Course – Lesson 4: III. Testing a Hypothesis
LESSON 4:III – Q+A WITH AUTHORS KATHERINE ORTEGA COURTNEY, PHD AND DOMINIC CAPPELLO
What is "fidelity" in terms of our team's innovation, and why is it important?
Katherine Ortega Courtney, PhD responds:
In the planning phase we designed the innovation or initiative. In the action phase we wish to follow that plan in all its details. For example, let’s say a school district has a new training for all school staff to help them identify students who might be experiencing trauma associated with ACEs (Adverse Childhood Experiences.) The training is four days with half the time spent on coaching. The evaluation of the training showed high marks from participants in terms of increased knowledge. A second school district decides to do the training but reduces it to two days and eliminates the coaching aspect. They have changed the training significantly and fidelity is not being respected. The second school district may get very different outcomes (knowledge increase among participants may be lower) as a result of changing the intervention).
What types and means of data collection are useful to increase fidelity?
Dominic Cappello responds:
The first step towards increasing fidelity with an experiment is to ensure that those responsible for its implementation are on the same page. This might be accomplished through a training or team meeting, and followed up with a short survey to identify any potential inconsistencies in how the specific elements of the experiment are understood.
Second, it is helpful to track what experimental activities are occurring at the individual or case levels, depending on the experiment. This might be done with the use of a spreadsheet (such as in Microsoft Excel or Google Sheets); a paper tracking form; or even an online survey tool like Survey Monkey.
How do we establish a baseline prior to implementing our innovation?
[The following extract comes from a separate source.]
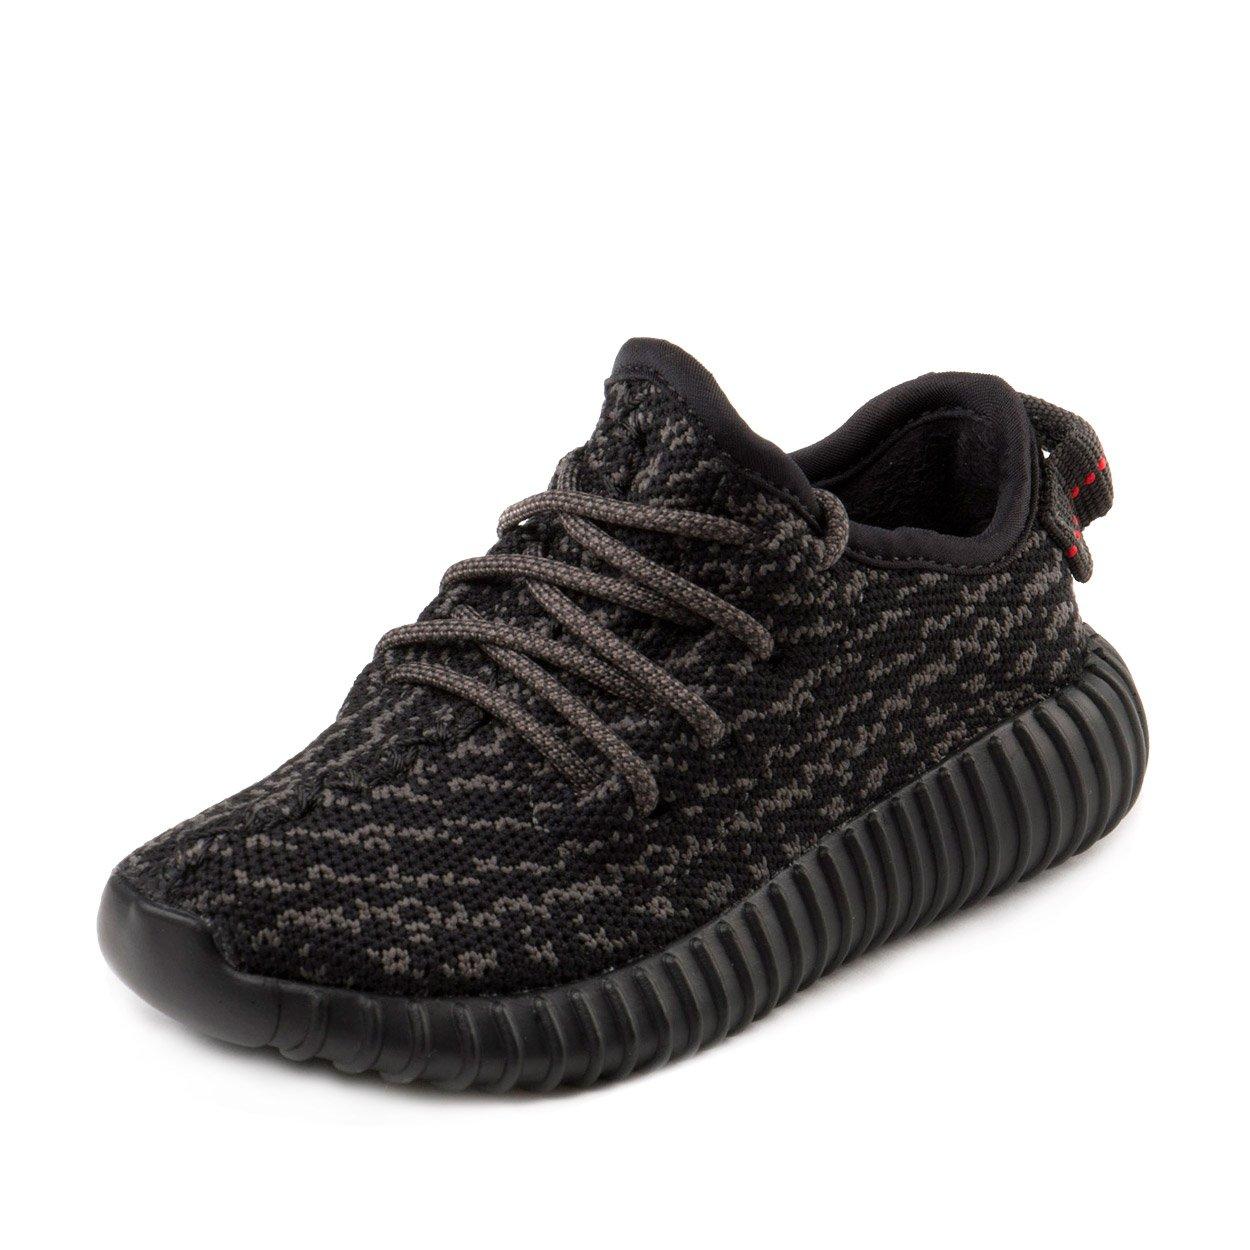 Adidas Baby Boys Yeezy Boost 350 Infant Pirate Black Pirate Black Fabric Size 10K

Katherine Ortega Courtney, PhD responds:
Baseline data is necessary to gauge what, if any, changes occur as a result of your experiment. Baseline data related to your experiment area may be readily available to you prior to implementing your activities; however, some experiments may address challenges for which no applicable baseline data exists, and that data must be collected. A good array of baseline data is likely to consist of both.
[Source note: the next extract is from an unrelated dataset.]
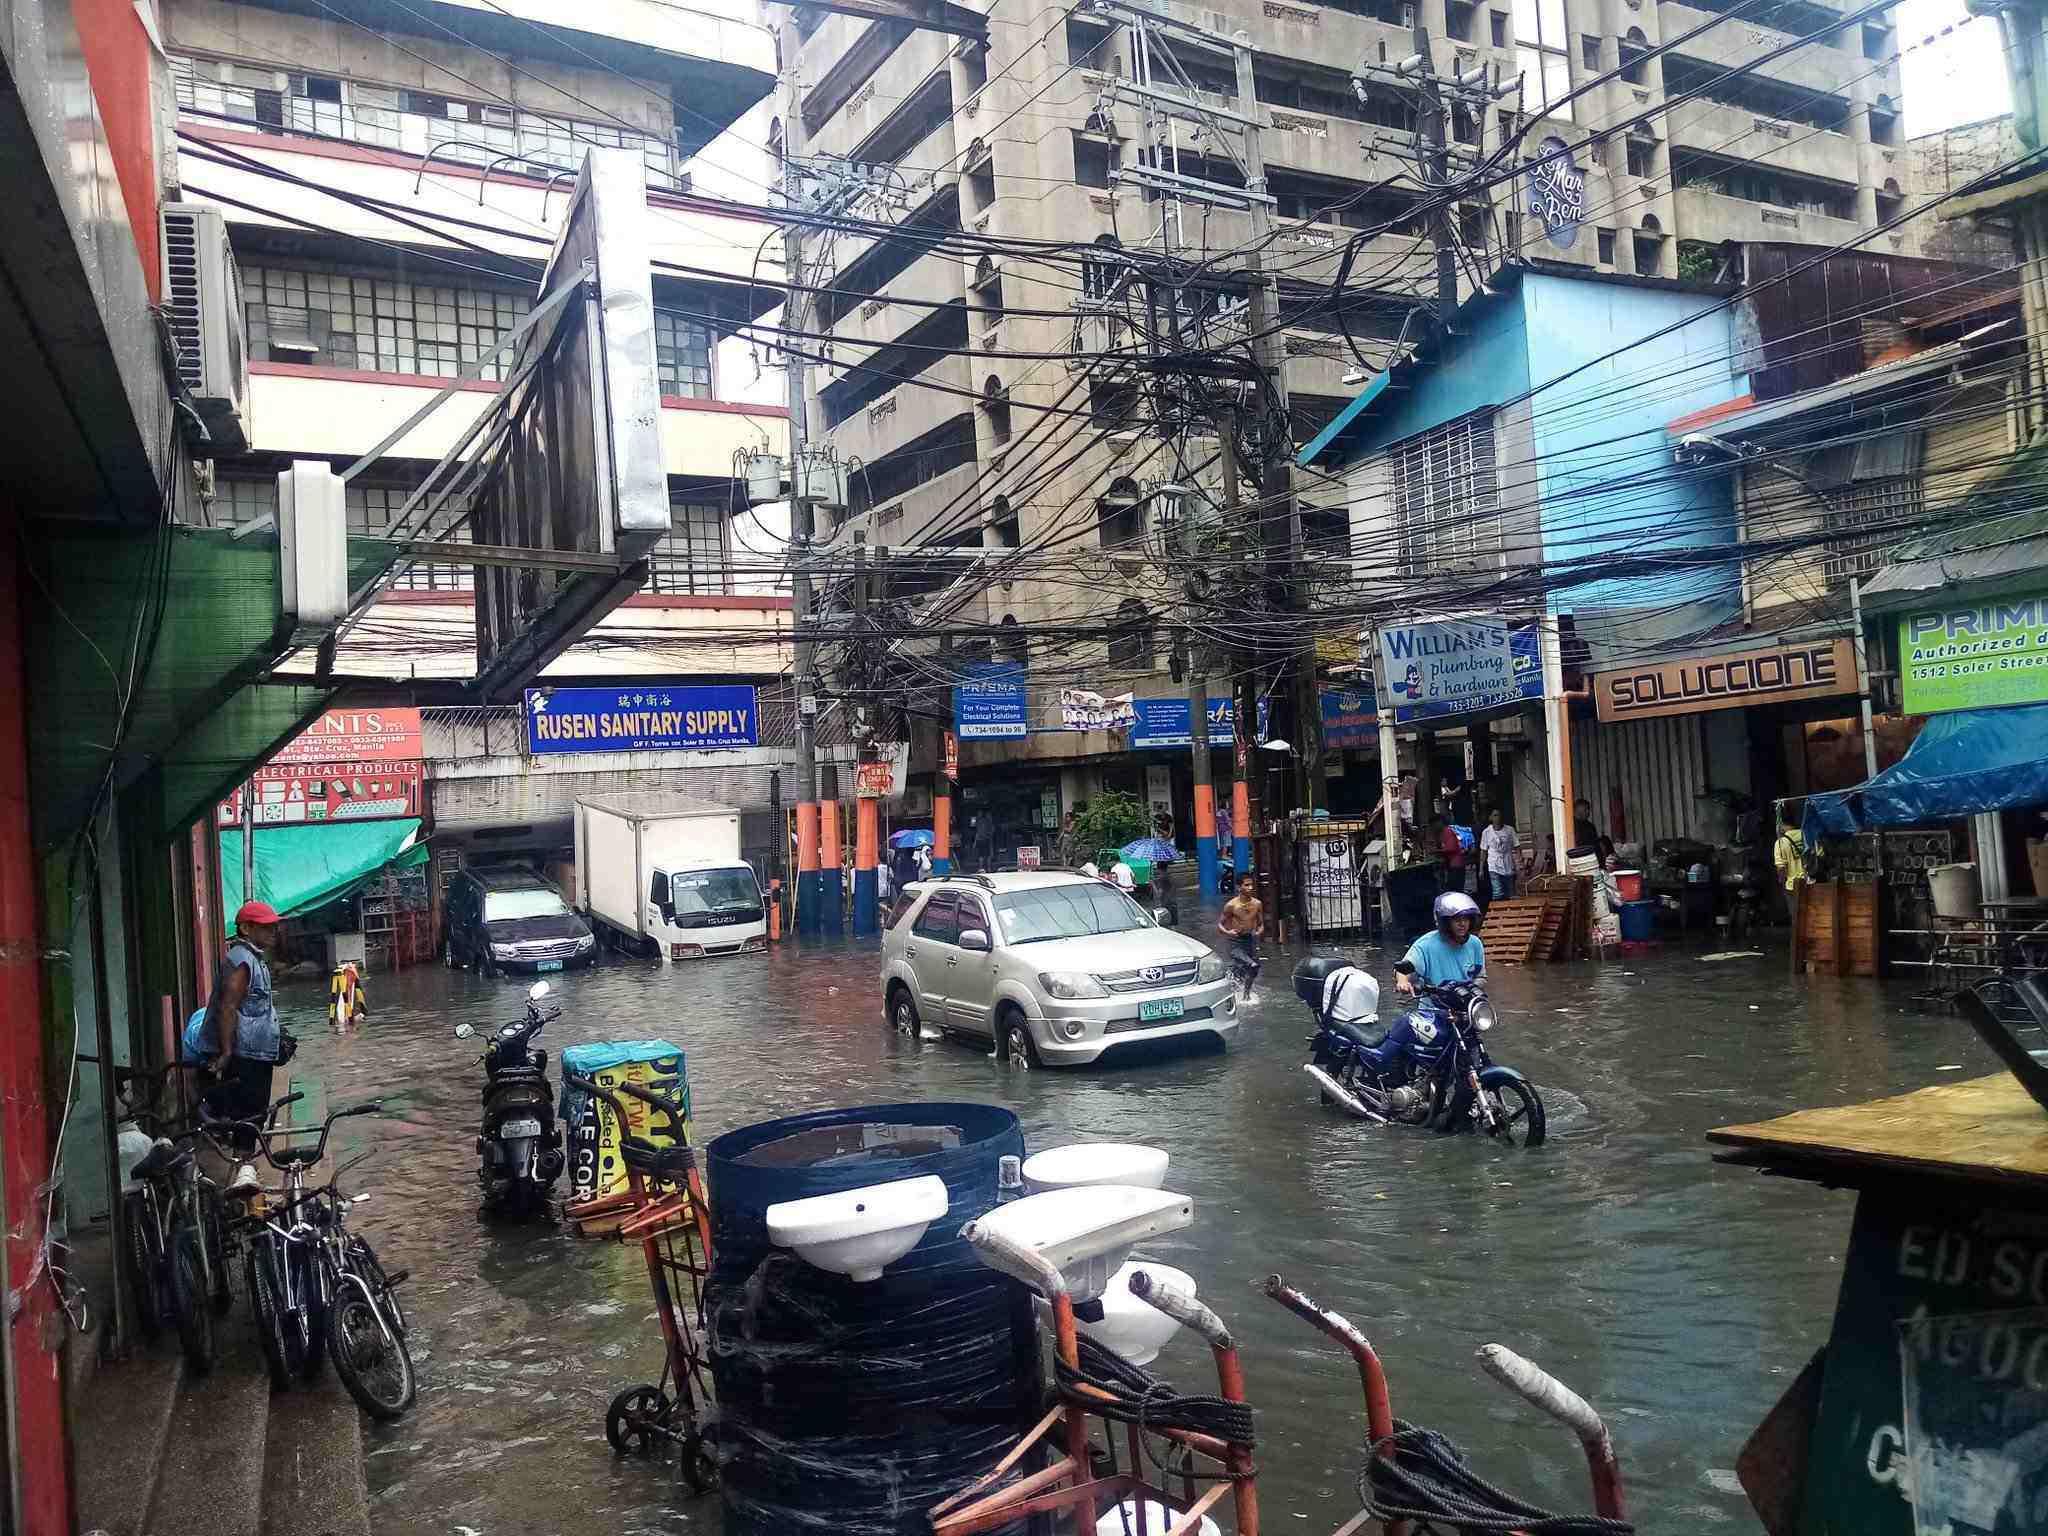 FLORENTINO Street in Sta. Cruz, Manila. Photo by Twitter user @travelferdie

The Resilient Community Experience Survey will serve as great baseline data. If this survey is implemented at the beginning of the 100% New Mexico initiative, before any innovations have taken place, that can serve as a baseline. If it is implemented again after action teams have begun implementing innovations, it could also serve as a great way to measure change.
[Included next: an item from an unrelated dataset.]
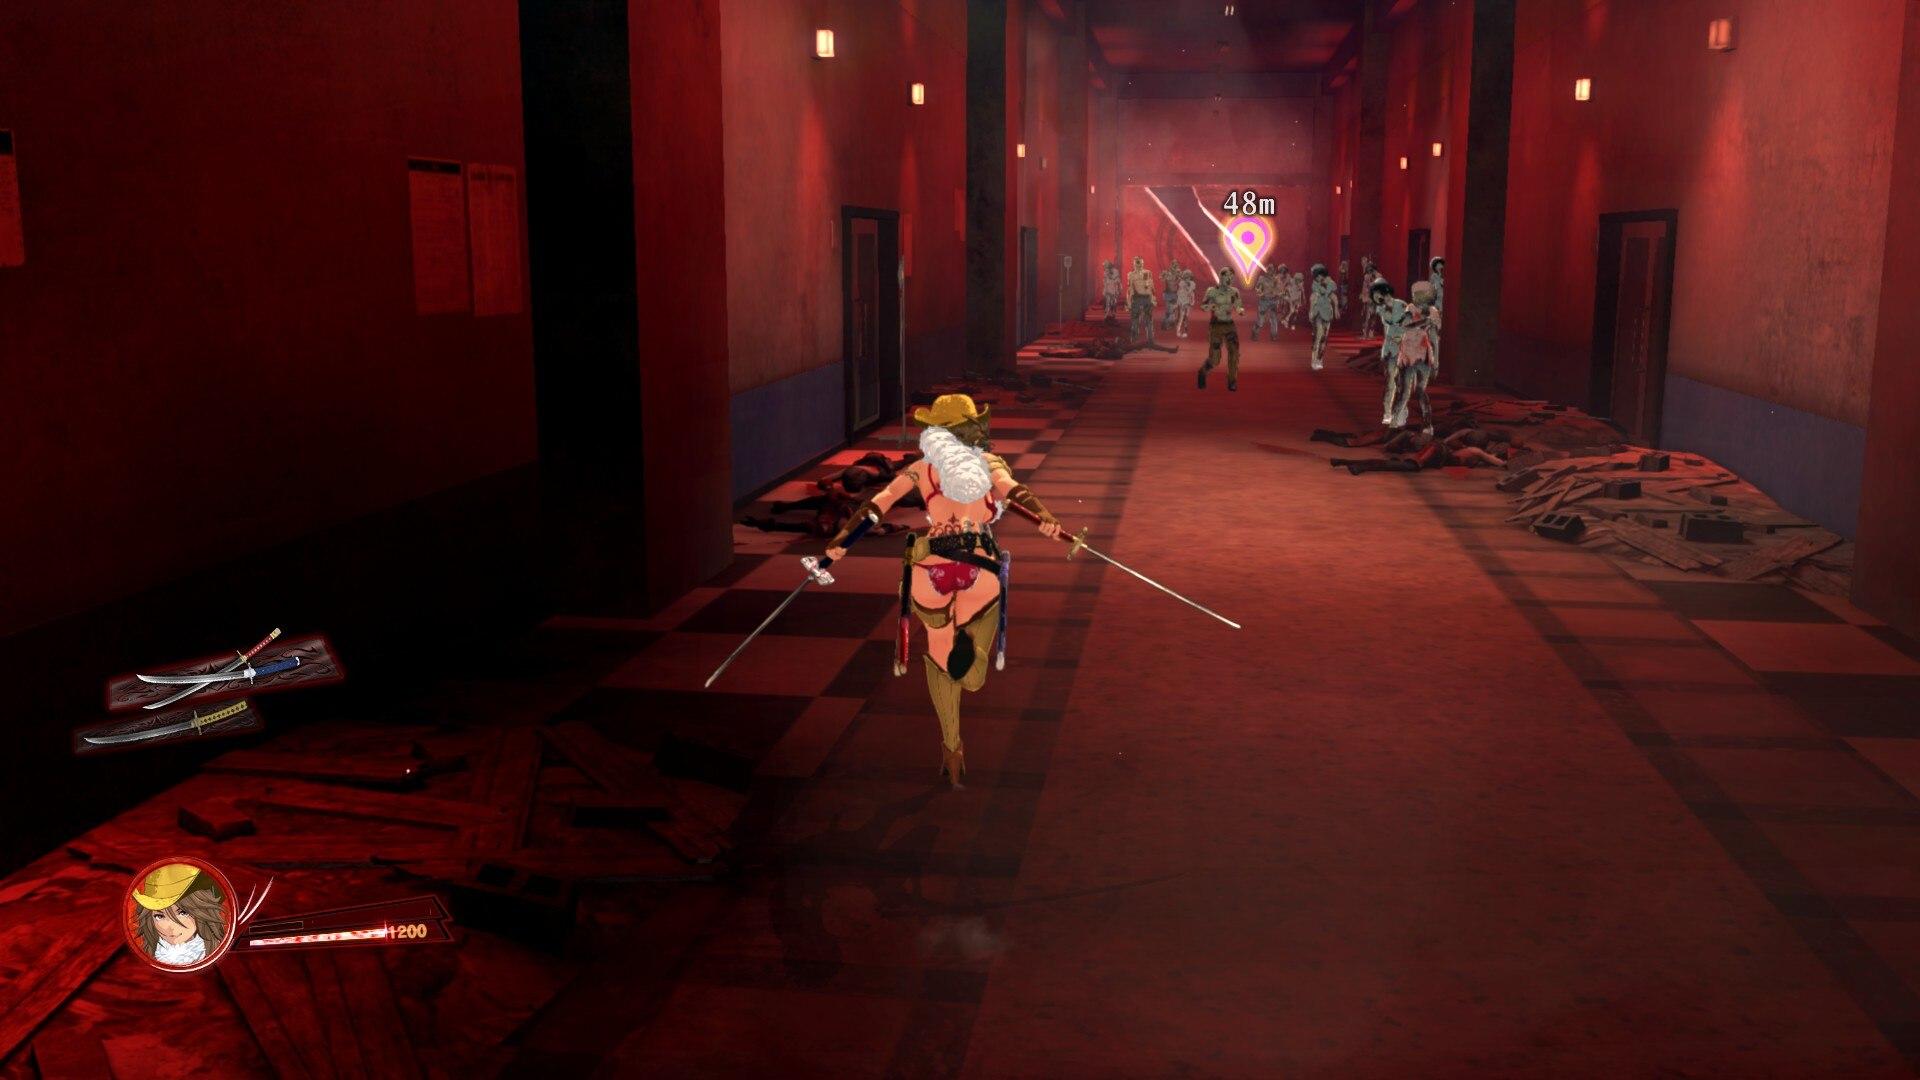 onee-chanbara-origin-pc-screenshot-1

How would the concept of a "control group" apply to our local experiment?
Dominic Cappello responds:
In the world of science, experiments are considered “controlled” when there is, in addition to a population receiving the treatment or intervention, a similar group who does not receive it — the control group. This way, the magnitude of any changes noted in the “experimental group” can be accounted for through comparison with the control group.
Carefully designed experiments will usually assign similar clients or cases at random to either the experimental group or the control group (thus making the experiment not only controlled, but “randomized”). However, in the field (the “real world”) this isn’t always possible or practical. In some situations, clients will self-select to be part of one or the other.
How does my team anticipate what data we will need for evaluation?
Katherine Ortega Courtney, PhD responds:
Data for evaluation will need to include: data that are aligned with any baseline data collected (For example, results of the initial Resilient Community Experience Survey). Another example would be pre- and post-survey responses to a particular intervention such as a training for law enforcement on trauma sensitive practices); data that track fidelity (For example, data related to possible alternative explanations (things that could have an effect on outcomes but are not related to the actual experiment or intervention in question).
What are other effects of implementing a new practice that needs to be evaluated?
Dominic Cappello responds:
Our 100% New Mexico initiative will be testing many new innovative ways of increasing service quality and accessibility. The implementation and evaluation of any new program, practice or policy should also take into account the circumstances and secondary effects of implementing a new practice. When evaluating an experiment, it is important to consider not only whether the activities themselves are effective towards their goal, but: whether they are sustainable; what effects they have on staff morale; whether they require additional resources; and if they are applicable to address other challenges.